◆ Problem to solve:
Look through the material below. Return exactly the lines from the one with "El retrato de" through the one with "Guide's Choice, Matte", both included.

[Start of section]

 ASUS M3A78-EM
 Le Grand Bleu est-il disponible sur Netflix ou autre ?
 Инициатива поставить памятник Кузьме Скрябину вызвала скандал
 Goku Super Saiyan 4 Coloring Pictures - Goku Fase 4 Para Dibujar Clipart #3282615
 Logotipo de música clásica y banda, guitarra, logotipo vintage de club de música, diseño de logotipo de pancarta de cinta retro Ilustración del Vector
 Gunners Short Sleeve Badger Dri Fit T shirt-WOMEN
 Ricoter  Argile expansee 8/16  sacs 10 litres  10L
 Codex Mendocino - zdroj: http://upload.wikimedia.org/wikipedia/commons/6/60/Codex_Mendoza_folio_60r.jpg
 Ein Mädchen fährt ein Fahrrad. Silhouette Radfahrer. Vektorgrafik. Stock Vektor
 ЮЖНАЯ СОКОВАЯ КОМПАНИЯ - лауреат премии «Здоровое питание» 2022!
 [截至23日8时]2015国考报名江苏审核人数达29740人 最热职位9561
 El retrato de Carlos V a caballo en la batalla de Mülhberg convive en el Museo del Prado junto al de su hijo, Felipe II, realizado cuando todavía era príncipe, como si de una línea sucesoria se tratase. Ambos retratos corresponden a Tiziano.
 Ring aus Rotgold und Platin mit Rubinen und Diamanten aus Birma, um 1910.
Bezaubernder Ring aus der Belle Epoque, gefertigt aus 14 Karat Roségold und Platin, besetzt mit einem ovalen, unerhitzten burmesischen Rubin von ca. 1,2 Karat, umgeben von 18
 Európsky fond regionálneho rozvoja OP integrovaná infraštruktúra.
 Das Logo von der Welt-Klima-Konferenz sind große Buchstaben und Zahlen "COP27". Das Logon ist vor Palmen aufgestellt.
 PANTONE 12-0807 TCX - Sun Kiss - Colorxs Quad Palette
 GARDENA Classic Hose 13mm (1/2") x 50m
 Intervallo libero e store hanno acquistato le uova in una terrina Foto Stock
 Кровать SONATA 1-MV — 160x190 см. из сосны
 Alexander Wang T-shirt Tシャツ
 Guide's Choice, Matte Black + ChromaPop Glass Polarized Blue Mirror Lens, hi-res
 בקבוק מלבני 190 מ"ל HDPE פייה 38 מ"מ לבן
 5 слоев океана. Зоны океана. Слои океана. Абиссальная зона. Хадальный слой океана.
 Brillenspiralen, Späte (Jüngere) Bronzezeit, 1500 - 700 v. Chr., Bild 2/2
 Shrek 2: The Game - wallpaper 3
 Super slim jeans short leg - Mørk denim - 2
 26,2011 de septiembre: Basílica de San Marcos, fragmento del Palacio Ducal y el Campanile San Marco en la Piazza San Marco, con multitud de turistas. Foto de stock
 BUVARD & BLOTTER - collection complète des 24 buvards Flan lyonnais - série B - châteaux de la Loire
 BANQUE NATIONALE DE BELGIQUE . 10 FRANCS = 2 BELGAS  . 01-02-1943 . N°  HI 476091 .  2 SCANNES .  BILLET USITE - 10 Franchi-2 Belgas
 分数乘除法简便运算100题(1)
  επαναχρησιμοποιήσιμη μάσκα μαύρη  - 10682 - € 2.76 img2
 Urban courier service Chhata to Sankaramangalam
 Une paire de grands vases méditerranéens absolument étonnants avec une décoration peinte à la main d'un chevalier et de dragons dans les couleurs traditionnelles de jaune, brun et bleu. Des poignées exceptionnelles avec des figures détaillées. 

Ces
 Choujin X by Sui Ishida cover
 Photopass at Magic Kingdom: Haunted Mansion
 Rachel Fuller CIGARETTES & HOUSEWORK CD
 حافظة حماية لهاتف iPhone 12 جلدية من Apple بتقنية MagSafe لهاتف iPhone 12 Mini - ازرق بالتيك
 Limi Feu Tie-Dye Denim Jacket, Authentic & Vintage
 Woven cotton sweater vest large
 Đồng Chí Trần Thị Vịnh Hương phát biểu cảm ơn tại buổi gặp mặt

[End of section]

◆ Expected answer:
 El retrato de Carlos V a caballo en la batalla de Mülhberg convive en el Museo del Prado junto al de su hijo, Felipe II, realizado cuando todavía era príncipe, como si de una línea sucesoria se tratase. Ambos retratos corresponden a Tiziano.
 Ring aus Rotgold und Platin mit Rubinen und Diamanten aus Birma, um 1910.
Bezaubernder Ring aus der Belle Epoque, gefertigt aus 14 Karat Roségold und Platin, besetzt mit einem ovalen, unerhitzten burmesischen Rubin von ca. 1,2 Karat, umgeben von 18
 Európsky fond regionálneho rozvoja OP integrovaná infraštruktúra.
 Das Logo von der Welt-Klima-Konferenz sind große Buchstaben und Zahlen "COP27". Das Logon ist vor Palmen aufgestellt.
 PANTONE 12-0807 TCX - Sun Kiss - Colorxs Quad Palette
 GARDENA Classic Hose 13mm (1/2") x 50m
 Intervallo libero e store hanno acquistato le uova in una terrina Foto Stock
 Кровать SONATA 1-MV — 160x190 см. из сосны
 Alexander Wang T-shirt Tシャツ
 Guide's Choice, Matte Black + ChromaPop Glass Polarized Blue Mirror Lens, hi-res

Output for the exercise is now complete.